**Data segment**
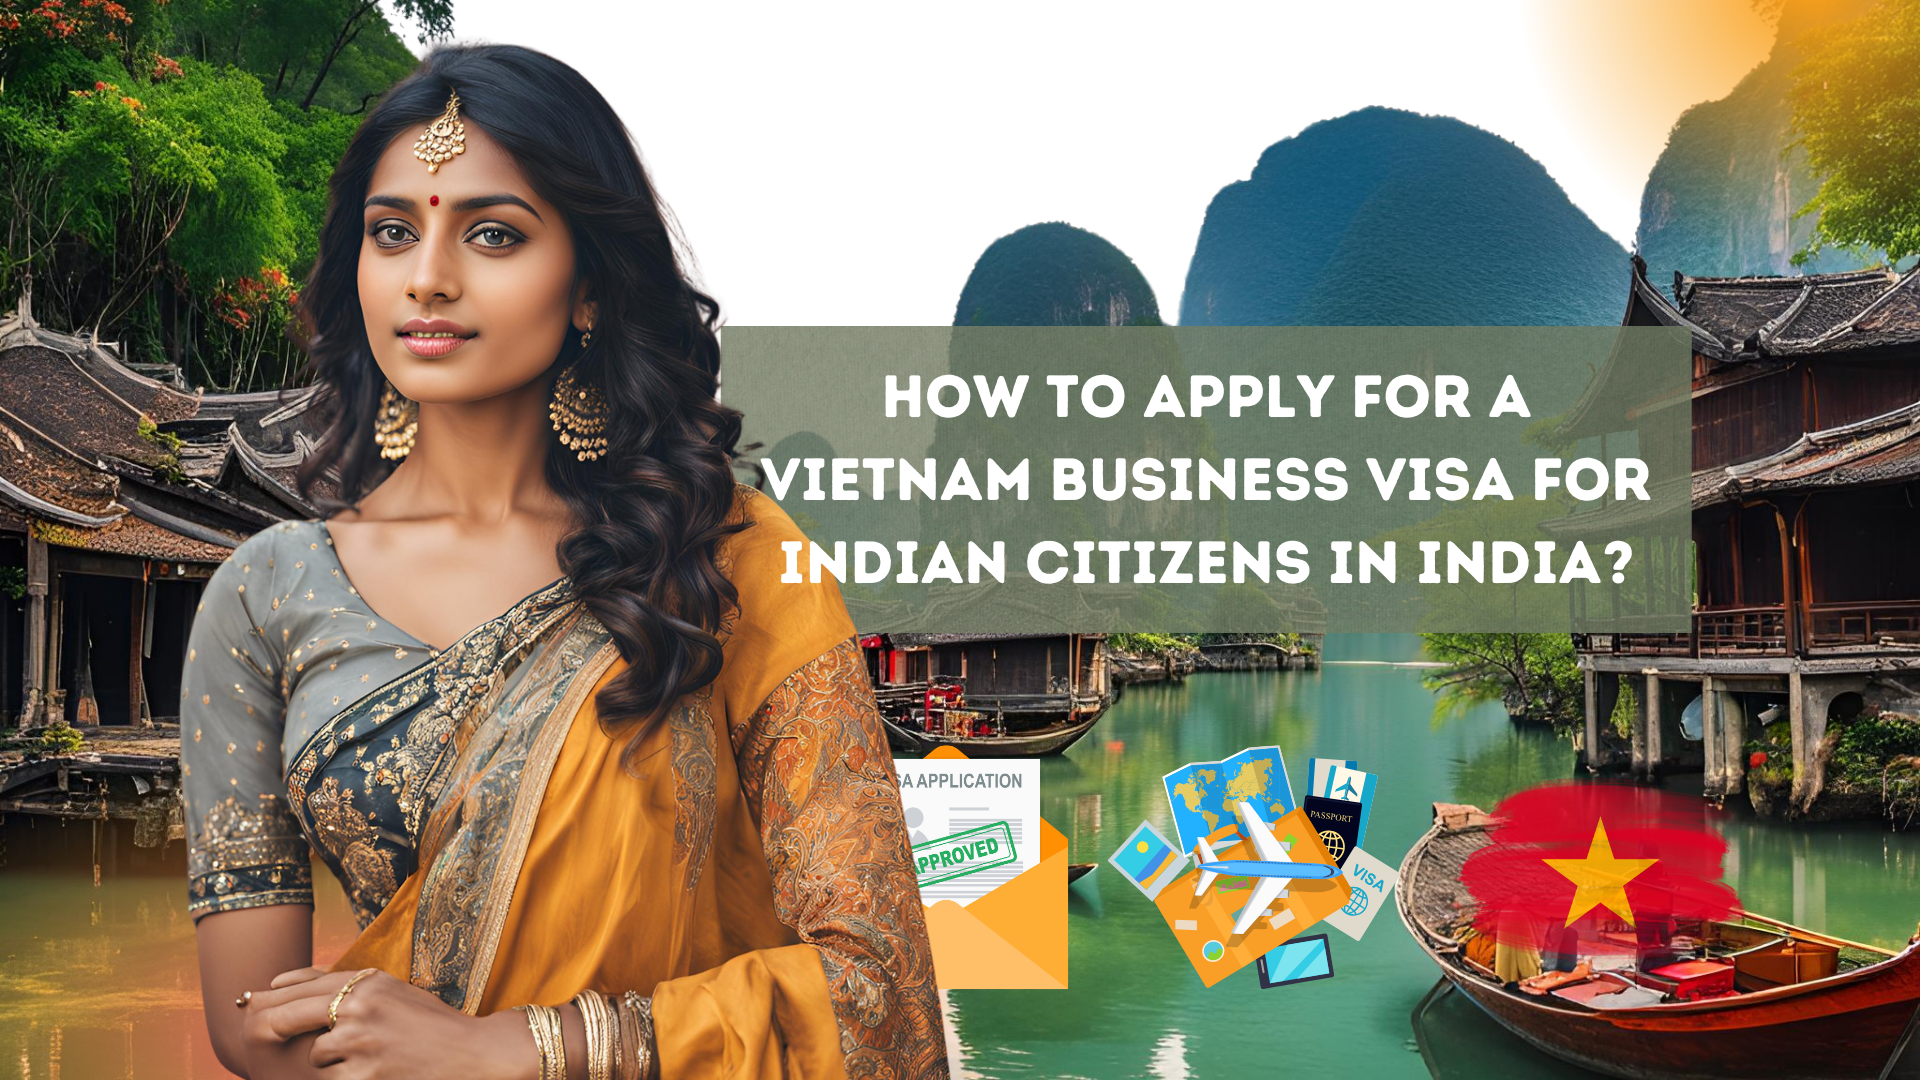 How to apply for a Vietnam business visa for Indian citizens in India?
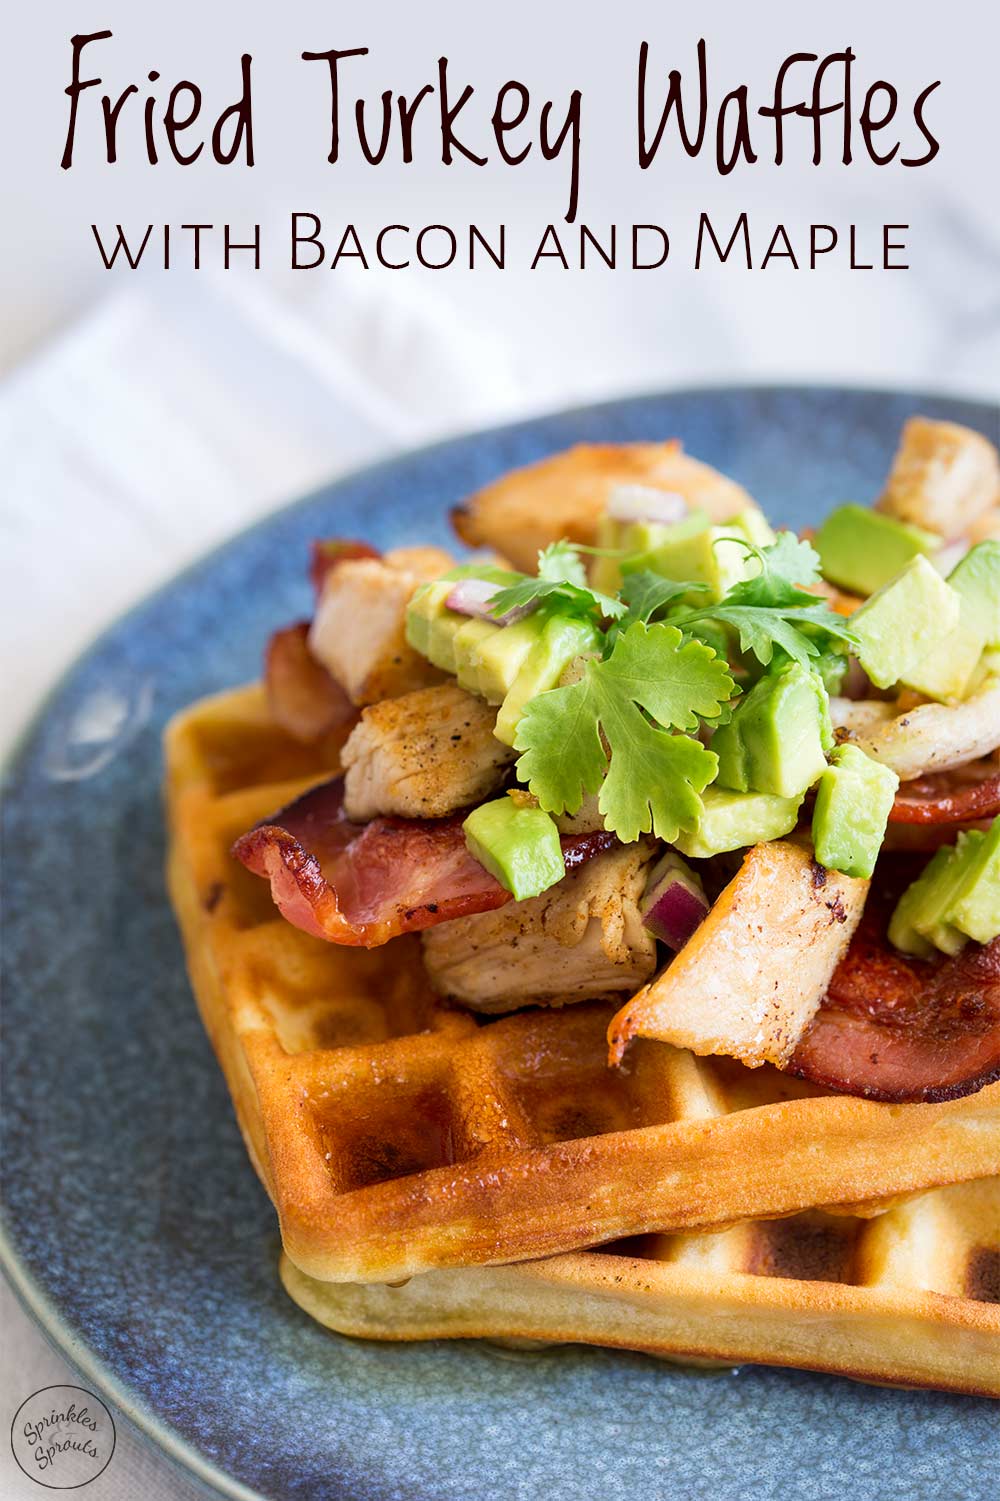 Pin Image: overhead view of the turkey waffles with text at the top
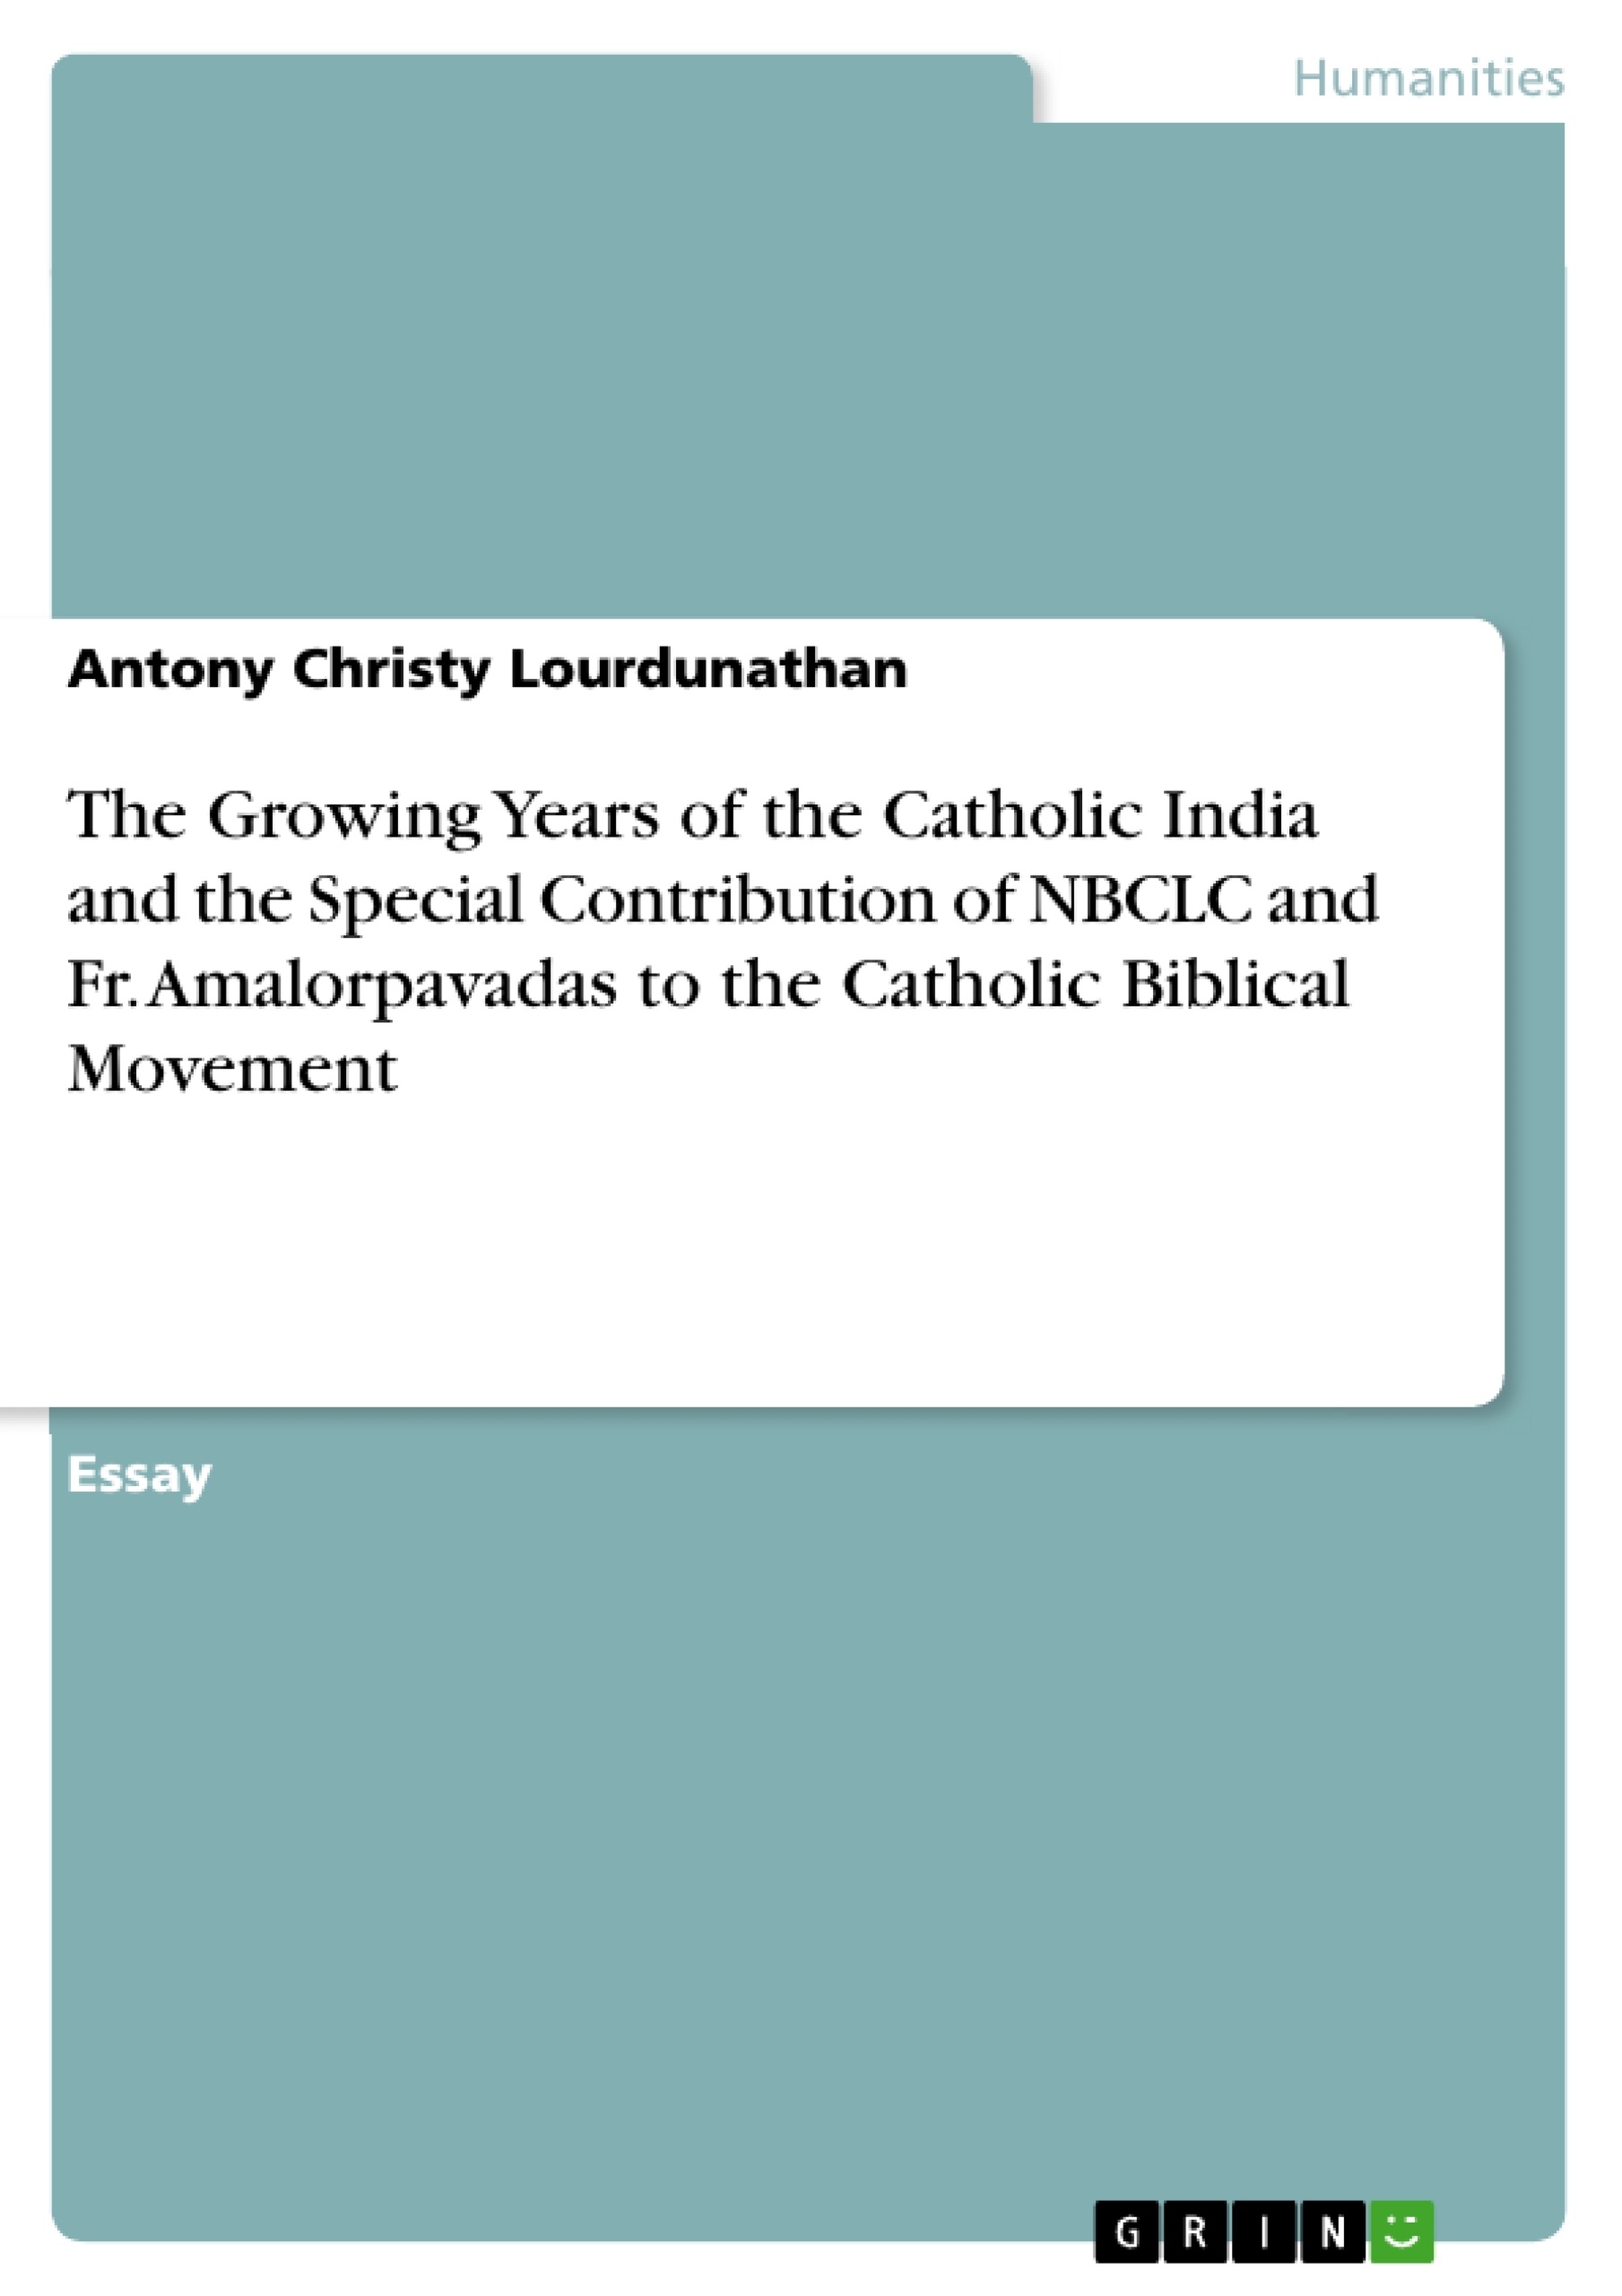 Titre: The Growing Years of the Catholic India and the Special Contribution of NBCLC and Fr. Amalorpavadas to the Catholic Biblical Movement

**Exercise**
What the reply must contain is an exact transcription of the data above and none of its pictures.

**Exercise answer**
 How to apply for a Vietnam business visa for Indian citizens in India?
 Pin Image: overhead view of the turkey waffles with text at the top
 Titre: The Growing Years of the Catholic India and the Special Contribution of NBCLC and Fr. Amalorpavadas to the Catholic Biblical Movement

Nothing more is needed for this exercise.